Almost immediately it was a hit.

The Hamiltons closed the cabin last year because of the pandemic and the state’s mandated quarantine for many out-of-staters, which complicated an otherwise simple guest-house business.

This summer, the cabin filled up again on summer weekends and most days through July and August. It also filled up for half of June and September. The rental costs $95 a night.

“It’s definitely an important supplemental income to our farm,” Chris Hamilton said. “But it’s also fun to have people to show the farm to. It’s fun to have them come and experience what it’s like. They help feed the pigs, collect the eggs, rotate the sheep through the fields.

“A lot of those people staying with us, stay with us because we have animals. The Hipcamp people for us tend to be families, often parents with young children.”

Not all Hipcamp hosts are looking for supplemental income, but many have still seen an uptick in business during the pandemic, and love the back-to-nature vibe hosting brings to their land. 

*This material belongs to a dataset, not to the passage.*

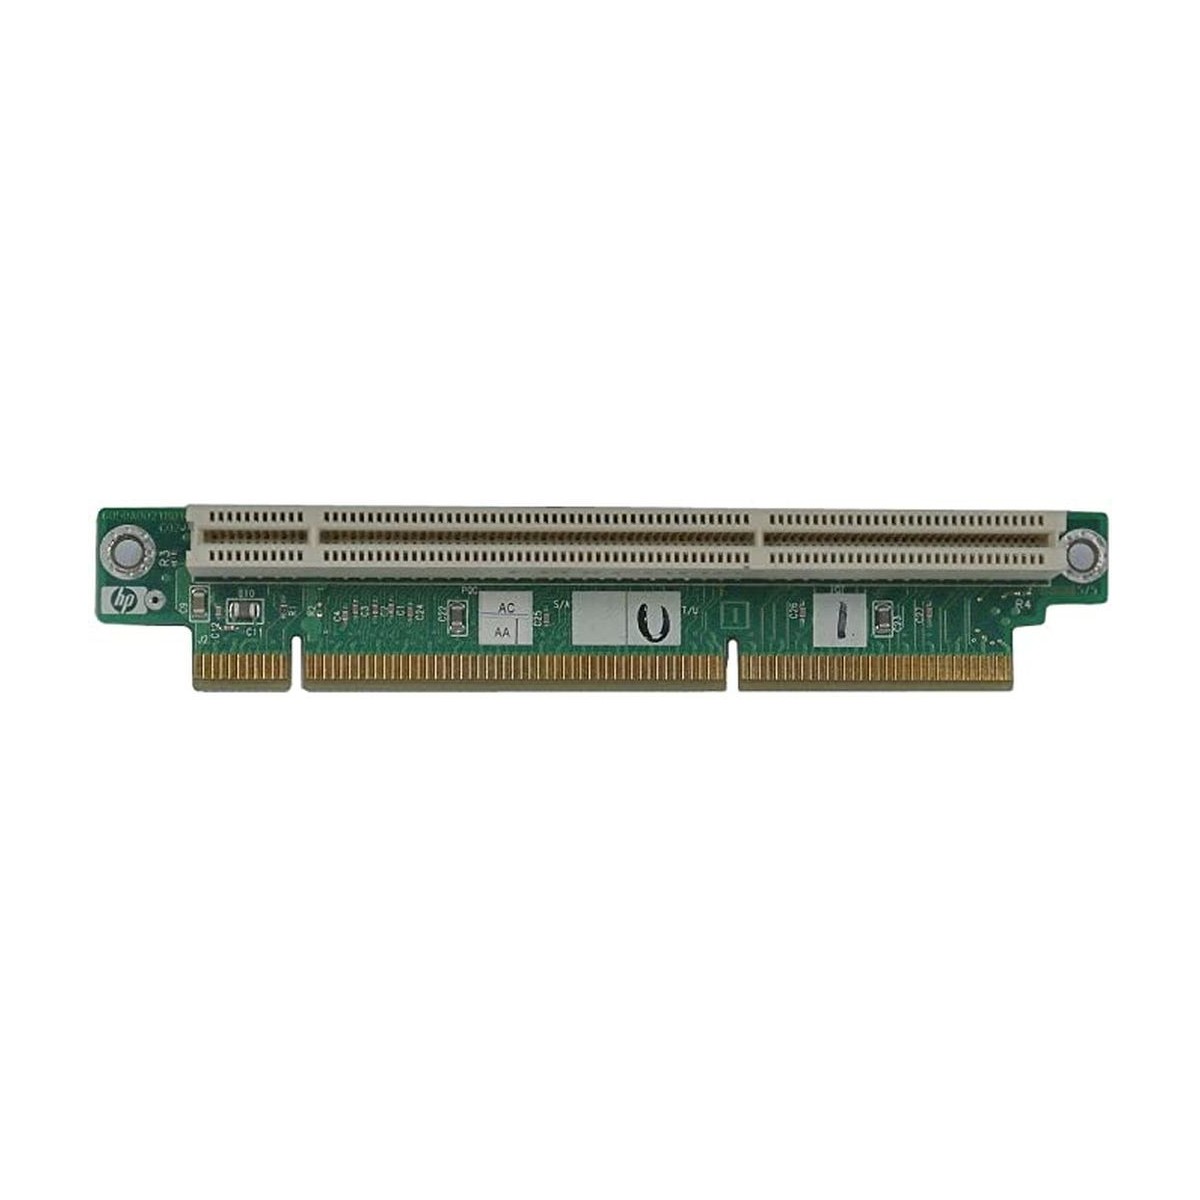 RISER BOARD HP PROLIANT DL360 G3 PCI 305442-001

Bruce Fowler discovered Hipcamp shortly after it was founded in 2013, when he and his wife traveled to Land Rover rendezvous in the South and looked for cheap places to camp. 

The kind and hospitable hosts impressed Bruce Fowler so much, he decided to open his 207 acres located near Unity to Hipcamp campers three years ago. He charges $20 to pitch a tent there.

Few came that first year, but about a dozen showed last year – mostly cyclists traveling across Maine’s rural interior looking to camp. This year reservations are up, and for the first time the tent sites are booking in September.

Fowler is excited at the buzz – and has plans for more outhouses. But he has no intention of lowering the $20 price for a clean tent site, a picnic table and fire pit. While he doesn’t advertise it, he also provides wood.

“We don’t do it for the money. It’s a public service,” Fowler said. “There is absolutely no supplemental income at all. It wouldn’t even cover the taxes on the property. I’m just doing it so that people traveling through Waldo County can crash for the night inexpensively.

“And in the three-plus years I’ve been doing this, I have never had to clean up after anyone. I have never found so much as a candy wrapper.”